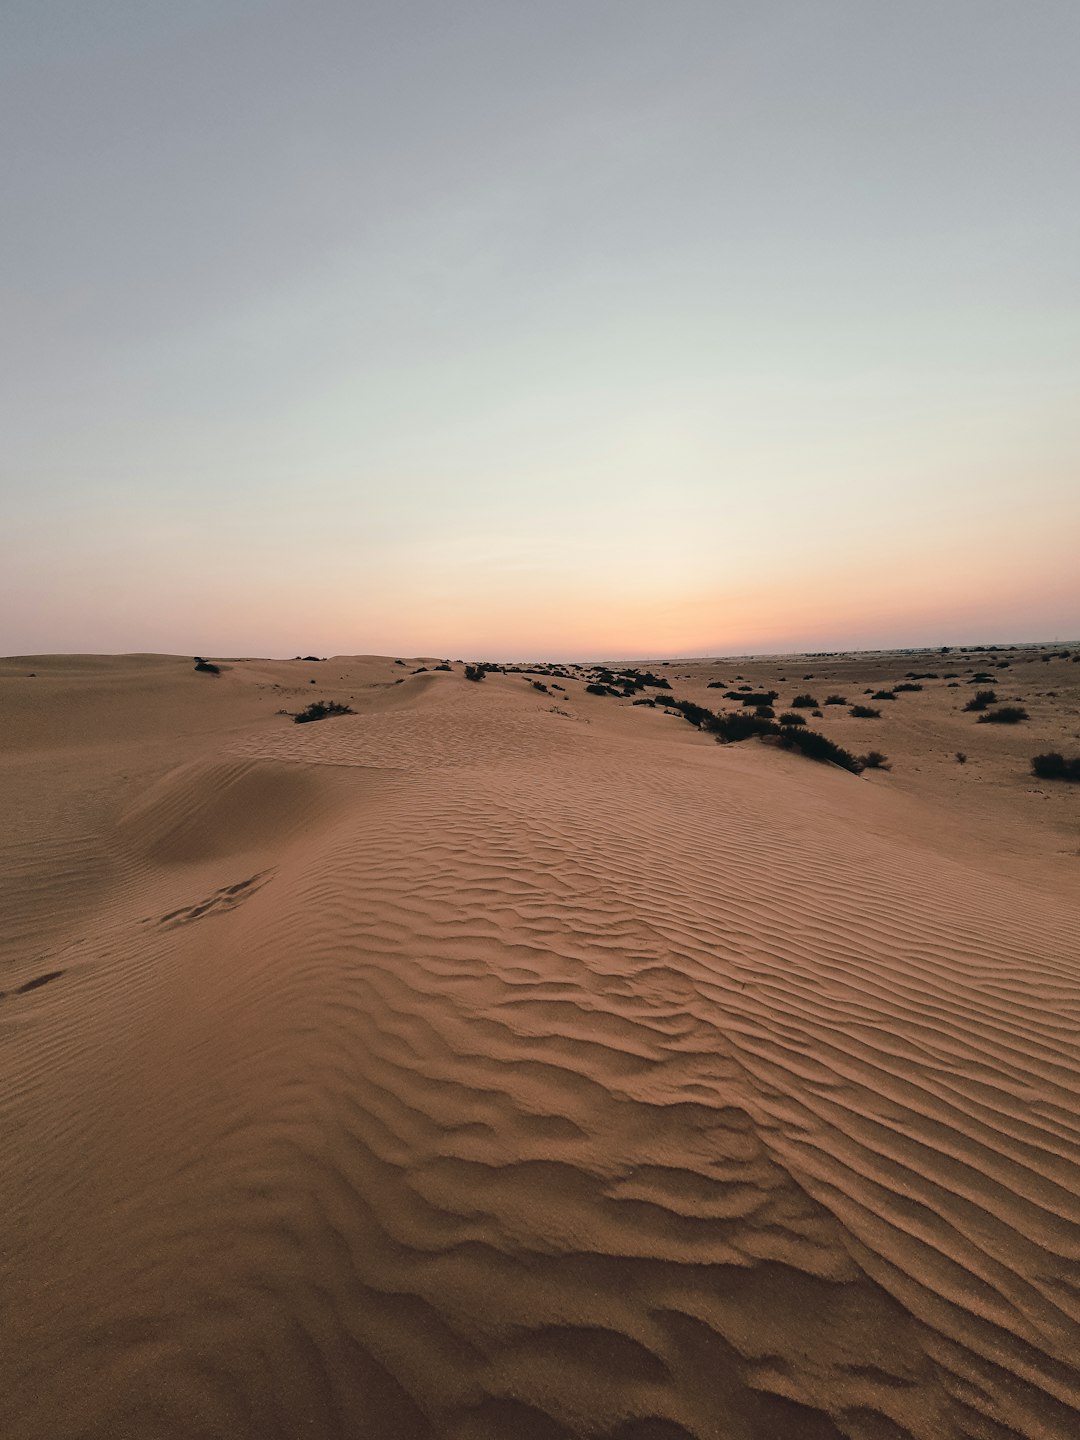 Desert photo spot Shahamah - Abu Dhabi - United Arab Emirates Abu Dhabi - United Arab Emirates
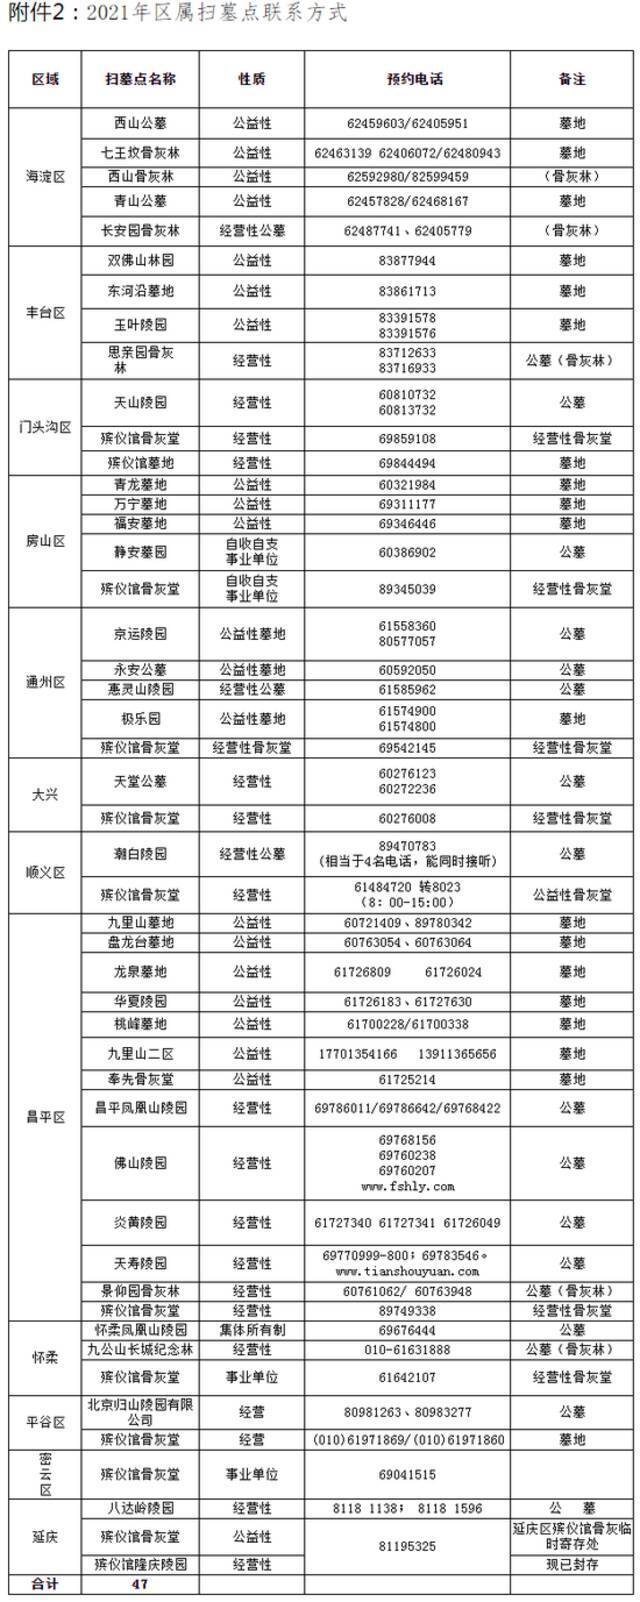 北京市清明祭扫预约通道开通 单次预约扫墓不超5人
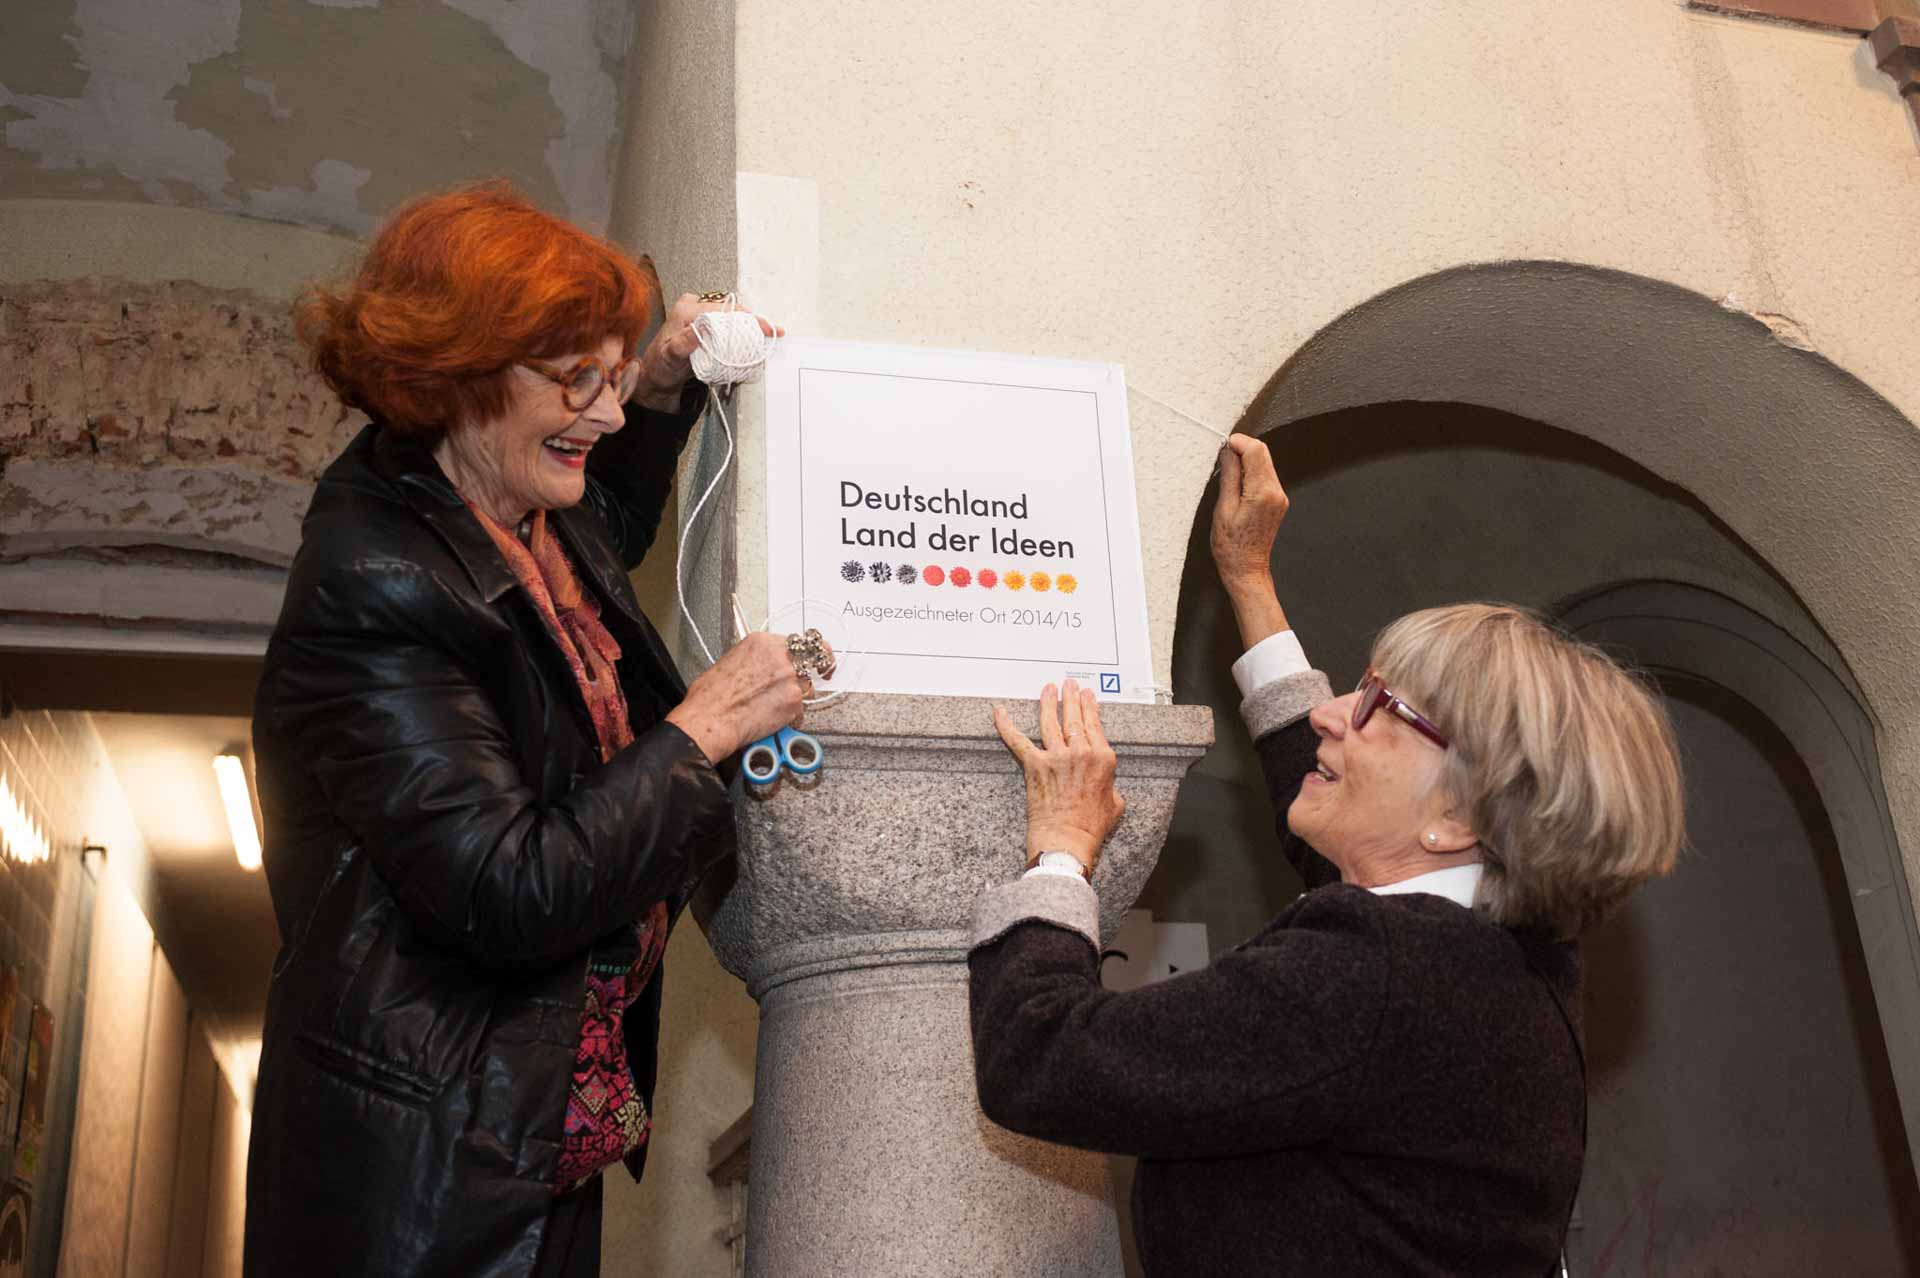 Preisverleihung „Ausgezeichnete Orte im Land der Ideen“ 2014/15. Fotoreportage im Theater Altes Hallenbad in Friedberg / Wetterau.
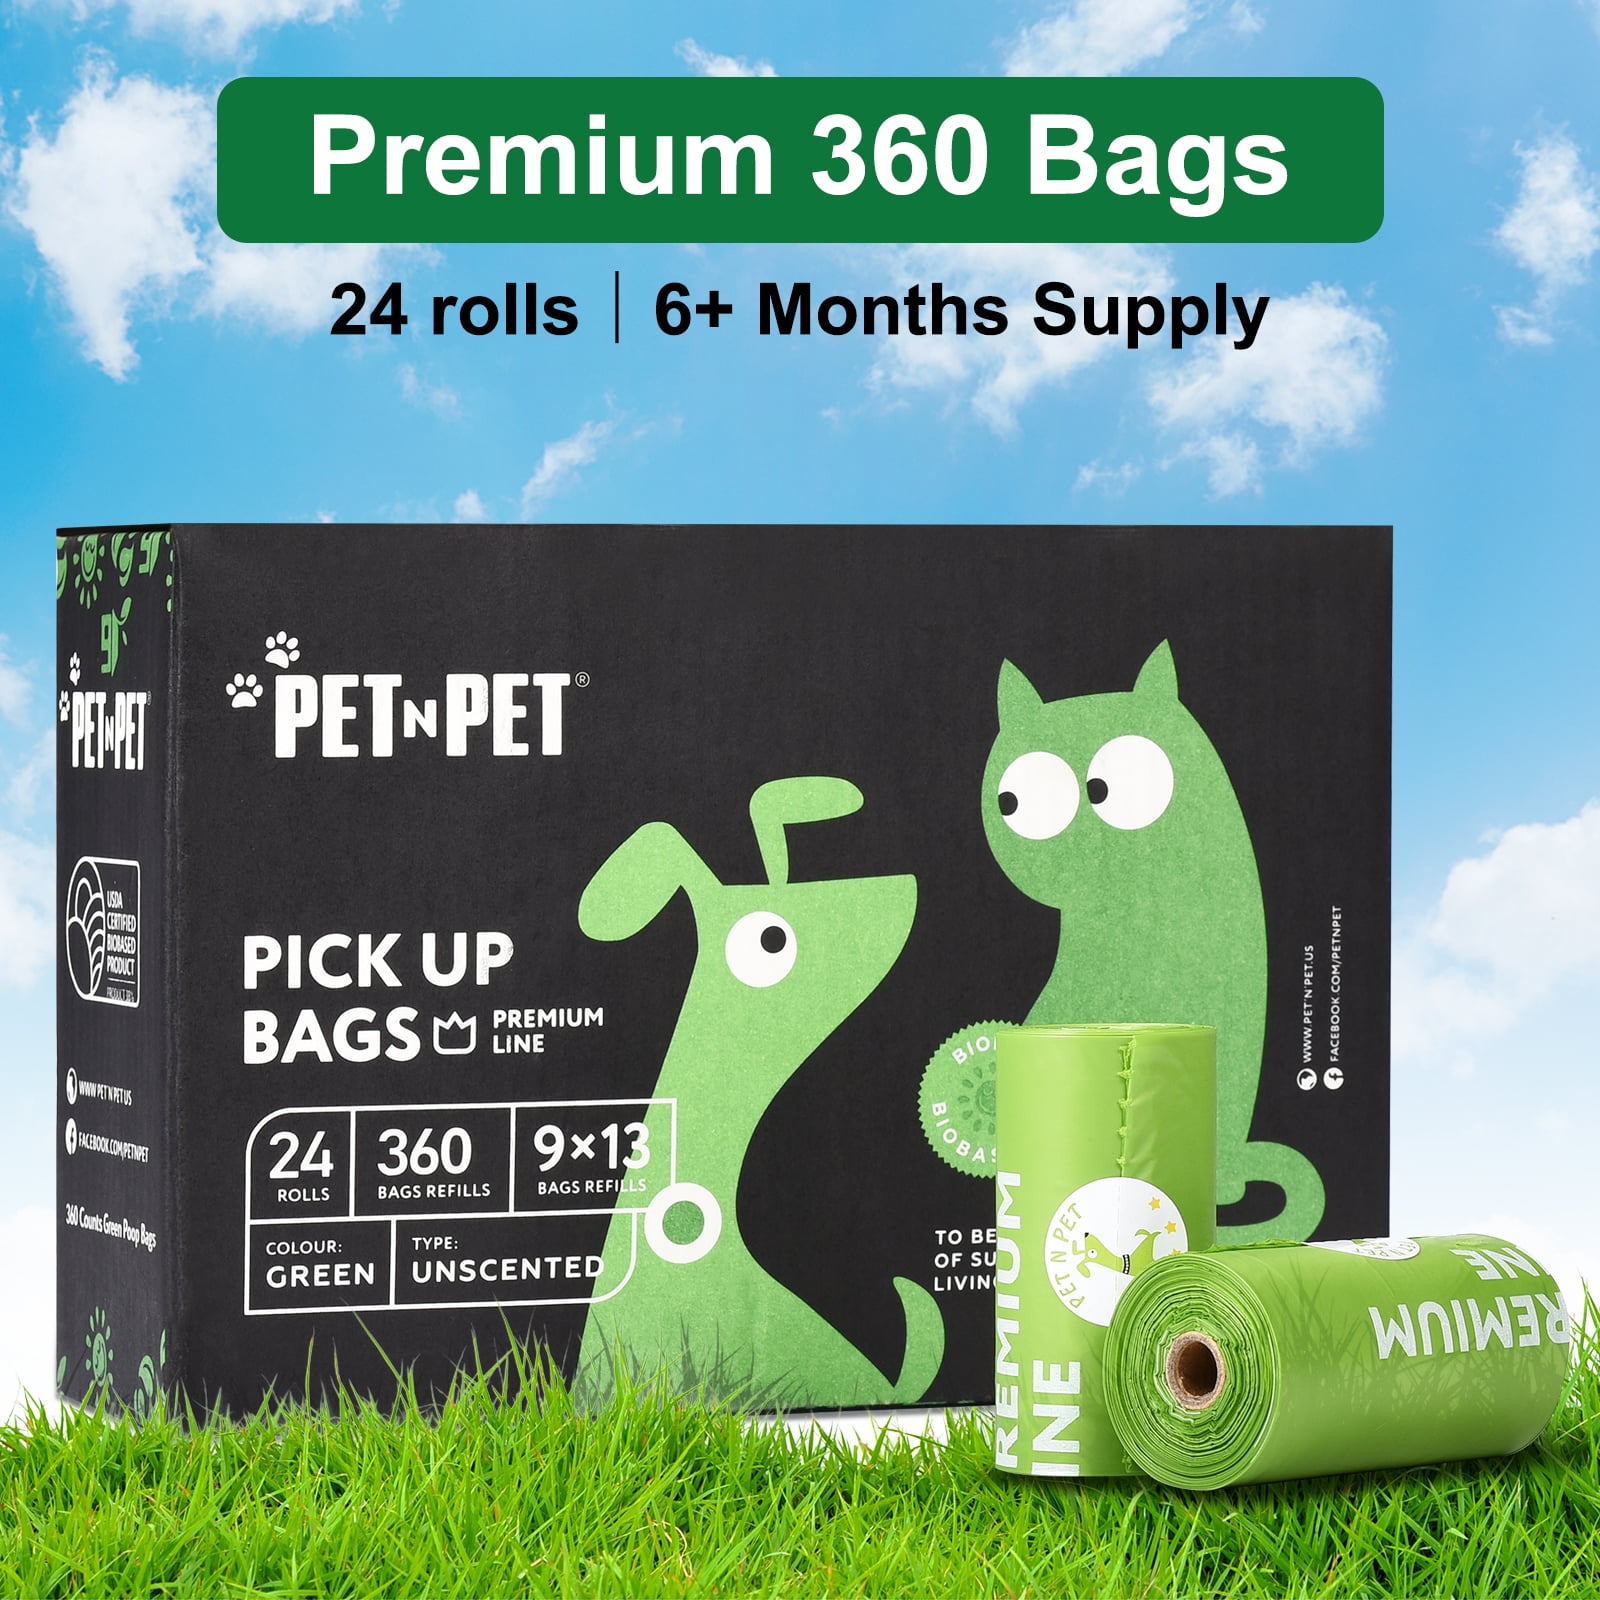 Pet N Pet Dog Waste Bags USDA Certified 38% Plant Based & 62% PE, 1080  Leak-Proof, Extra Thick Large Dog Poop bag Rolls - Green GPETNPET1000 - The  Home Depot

========================

■ **Activity**:
Would you repeat the complete listing exactly, excluding each picture it holds?

■ **Answer space**:
 Desert photo spot Shahamah - Abu Dhabi - United Arab Emirates Abu Dhabi - United Arab Emirates
 北京市清明祭扫预约通道开通 单次预约扫墓不超5人
 Preisverleihung „Ausgezeichnete Orte im Land der Ideen“ 2014/15. Fotoreportage im Theater Altes Hallenbad in Friedberg / Wetterau.
 Pet N Pet Dog Waste Bags USDA Certified 38% Plant Based & 62% PE, 1080  Leak-Proof, Extra Thick Large Dog Poop bag Rolls - Green GPETNPET1000 - The  Home Depot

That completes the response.